Carty adds that trial counsel was ineffective for failing to investigate and present mitigating evidence showing that she was the victim of a rape and that she became pregnant as a result of that rape, birthed a child, gave it up for adoption, and now suffers from chronic post-traumatic stress disorder as a result. Carty did not present this mitigation argument to the district court. See Carty Federal Habeas, No. 06-614, slip op. at 88. At most, she argued that her rape was a justification for why she was uncooperative with trial counsel. Thus, Carty has abandoned this line of argument. See Johnson v. Puckett, 176 F.3d 809, 814 (5th Cir. 1999) ("We have repeatedly held that a contention not raised by a habeas petitioner in the district court cannot be considered for the first time on appeal from that court's denial of habeas relief.").
Even if Carty did not abandon this claim, she has not shown either deficient performance or prejudice. Carty did not inform trial counsel that she gave birth to a child that was conceived as a result of rape. And, the jury heard testimony and argument about her rape and resulting child birth, even as it related to mitigation. For example, after Dr. Brown testified that she informed him about the rape, trial counsel stated during closing arguments:
Linda Carty, according to the report by Dr. Brown — you may say, as far as mitigating goes, you may ask yourself, "You know what, I wonder if the fact that she reported that she gave birth to a child that was the result of a sexual assault and gave that up for adoption, if that may have triggered something to cause her to do what she did?" I mean, it could be anything from any source whatsoever. And the law does not require that you leave your common sense out there on the courthouse steps.
Finally, Carty argues that trial counsel ineffectively prepared Dr. Brown for testimony and cross-examination about Carty's future dangerousness during the punishment phase. Because neither we nor the district court granted Carty a COA on this issue, we lack jurisdiction to consider this claim. See 28 U.S.C. § 2253(c); Sonnier v. Johnson, 161 F.3d 941, 946 (5th Cir. 1998) ("Compliance with the COA requirement of 28 U.S.C. § 2253(c) is jurisdictional. . . .").
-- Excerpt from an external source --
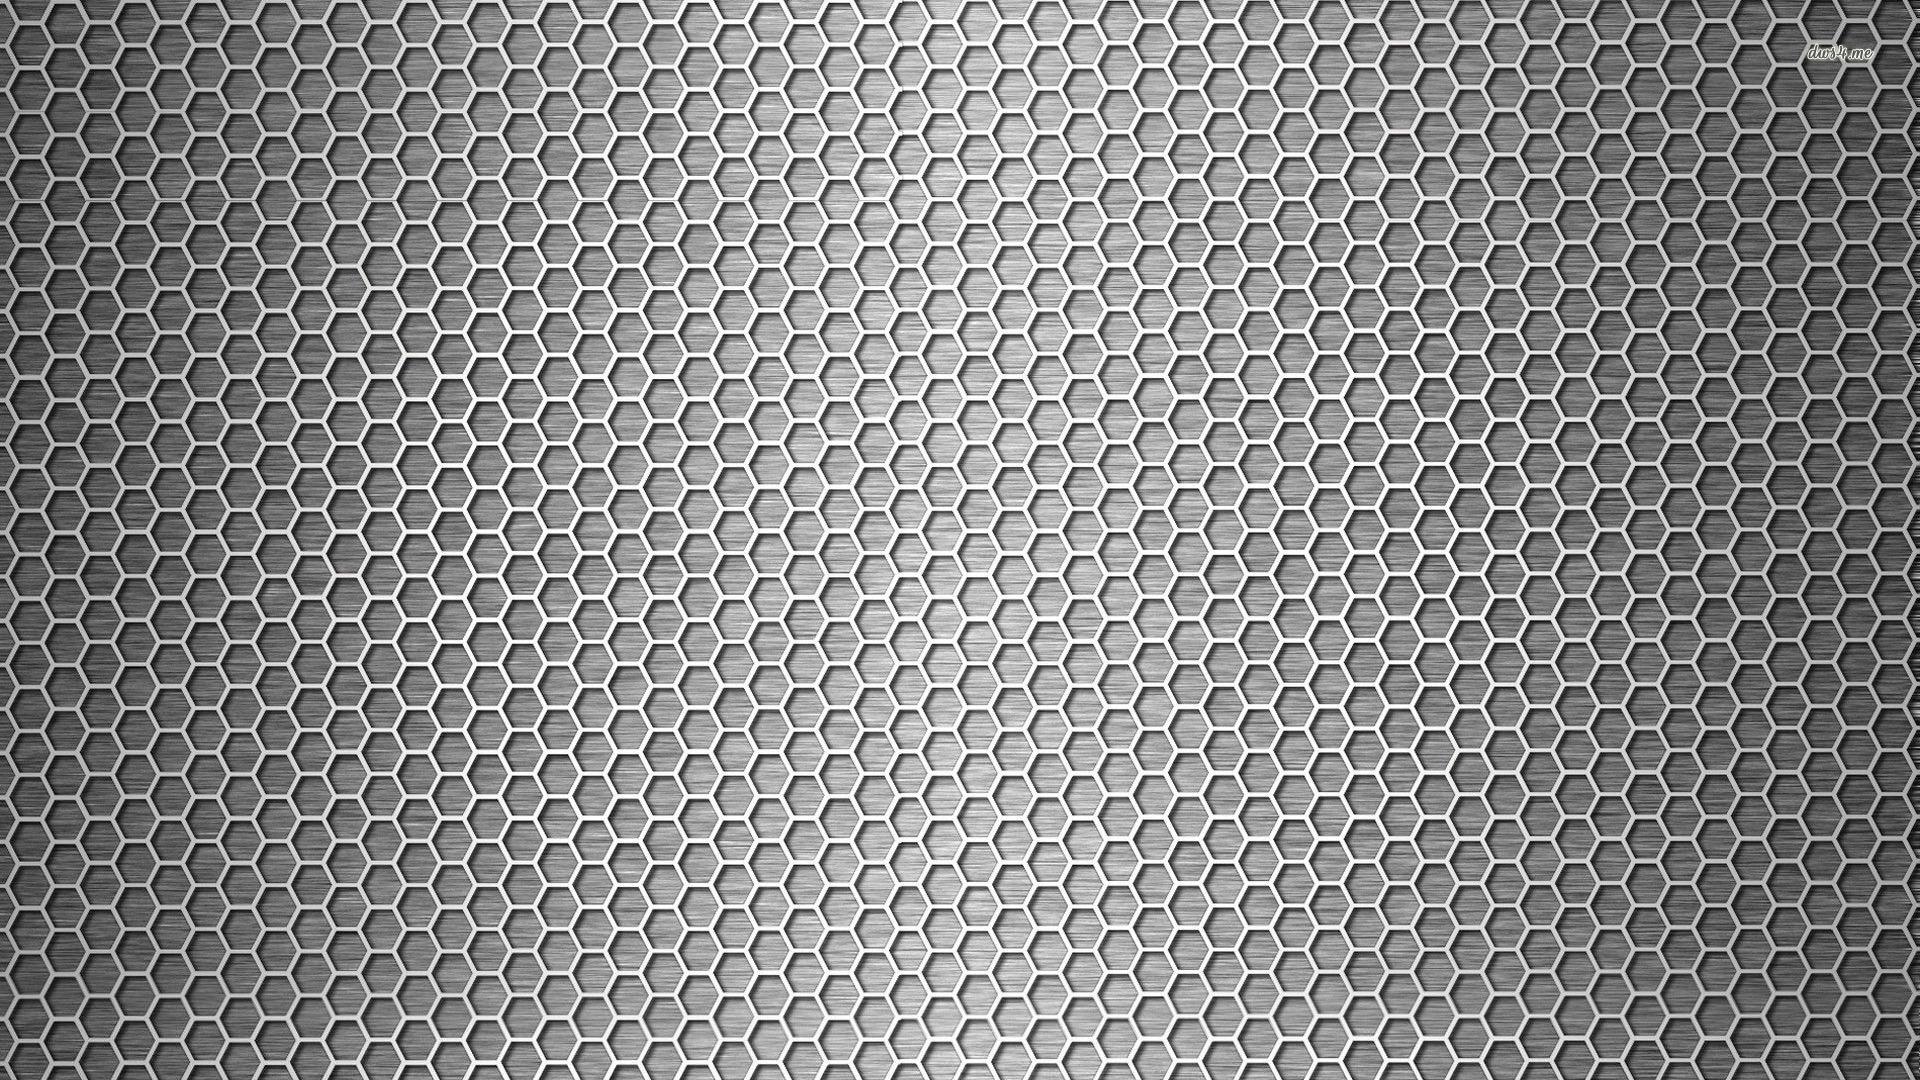 4k Carbon Fiber Wallpaper Wallpapersafari
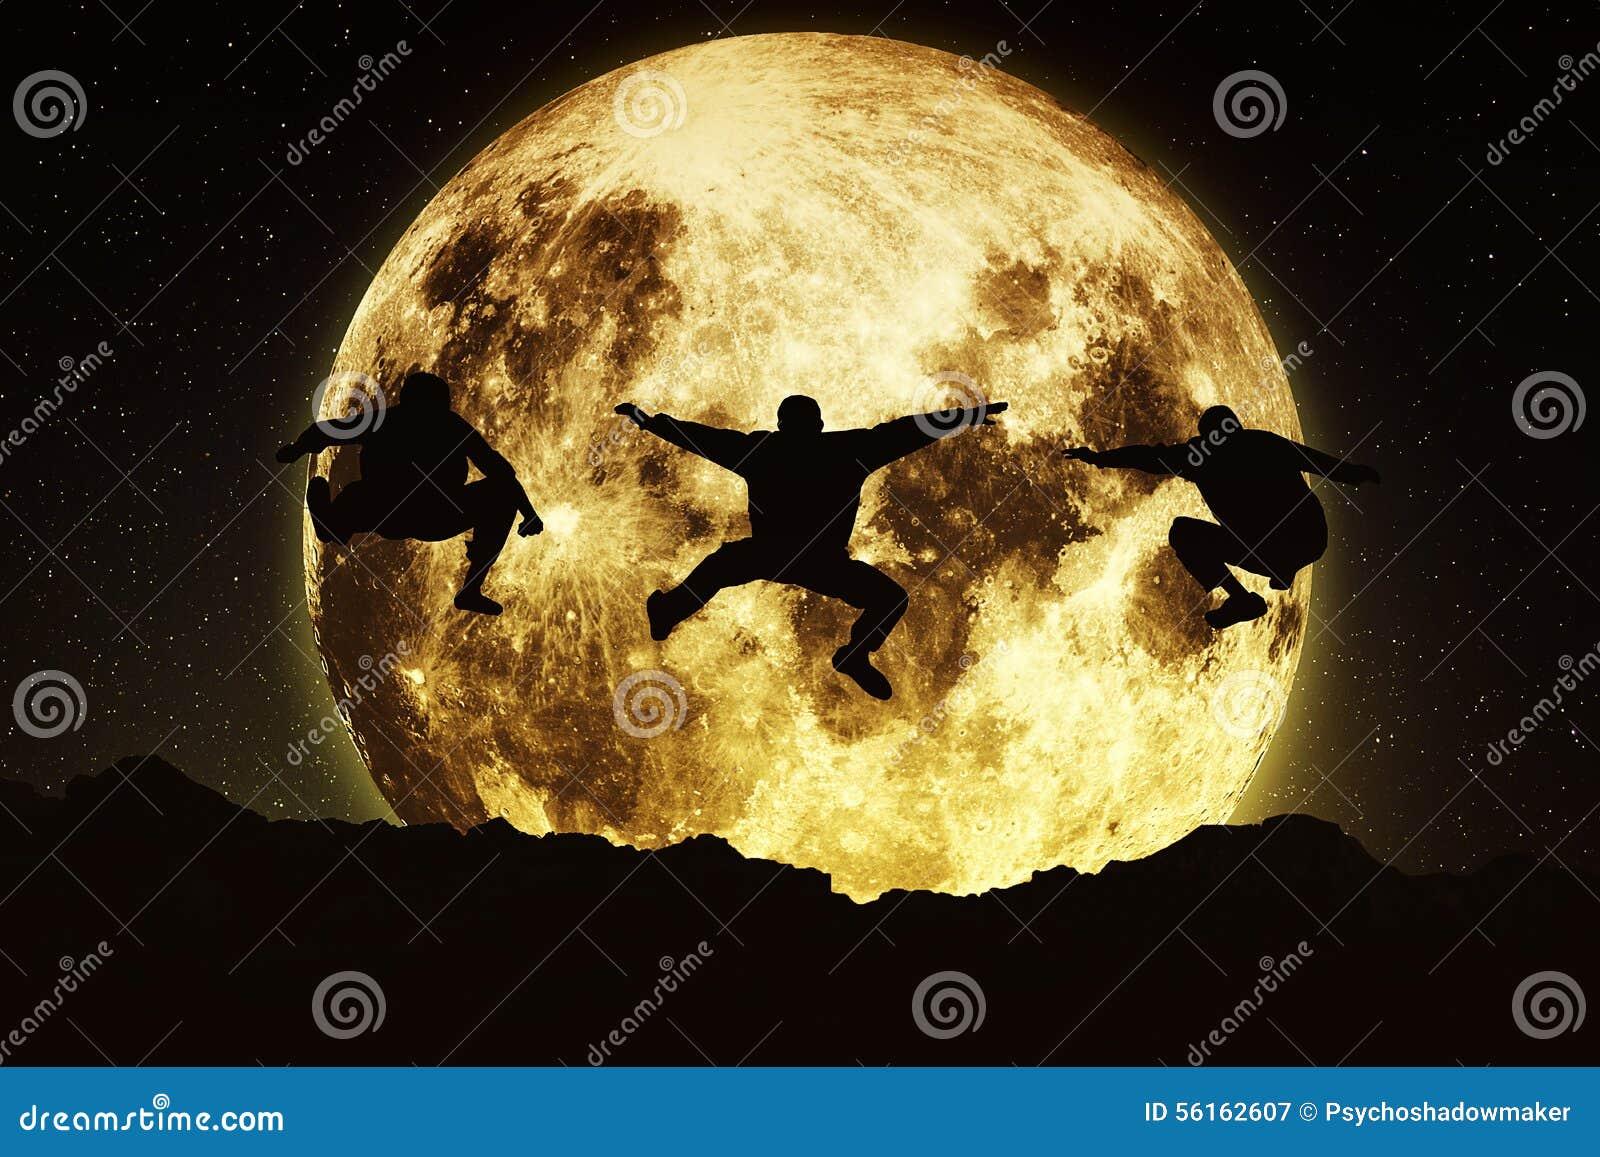 Księżyc freeruners

C. Denial of An Evidentiary Hearing
Lastly, Carty argues that the district court abused its discretion by denying her request for an evidentiary hearing on the exhaustion issue. Having considered Carty's proffer in connection with that request, we perceive no abuse of discretion in the district court's ruling. See Schriro v. Landrigan, 550 U.S. 465, 474, 127 S.Ct. 1933, 167 L.Ed.2d 836 (2007) ("In deciding whether to grant an evidentiary hearing, a federal court must consider whether such a hearing could enable an applicant to prove the petition's factual allegations, which, if true, would entitle the applicant to federal habeas relief.").
IV. CONCLUSION
For the above-stated reasons, we AFFIRM the district court's judgment.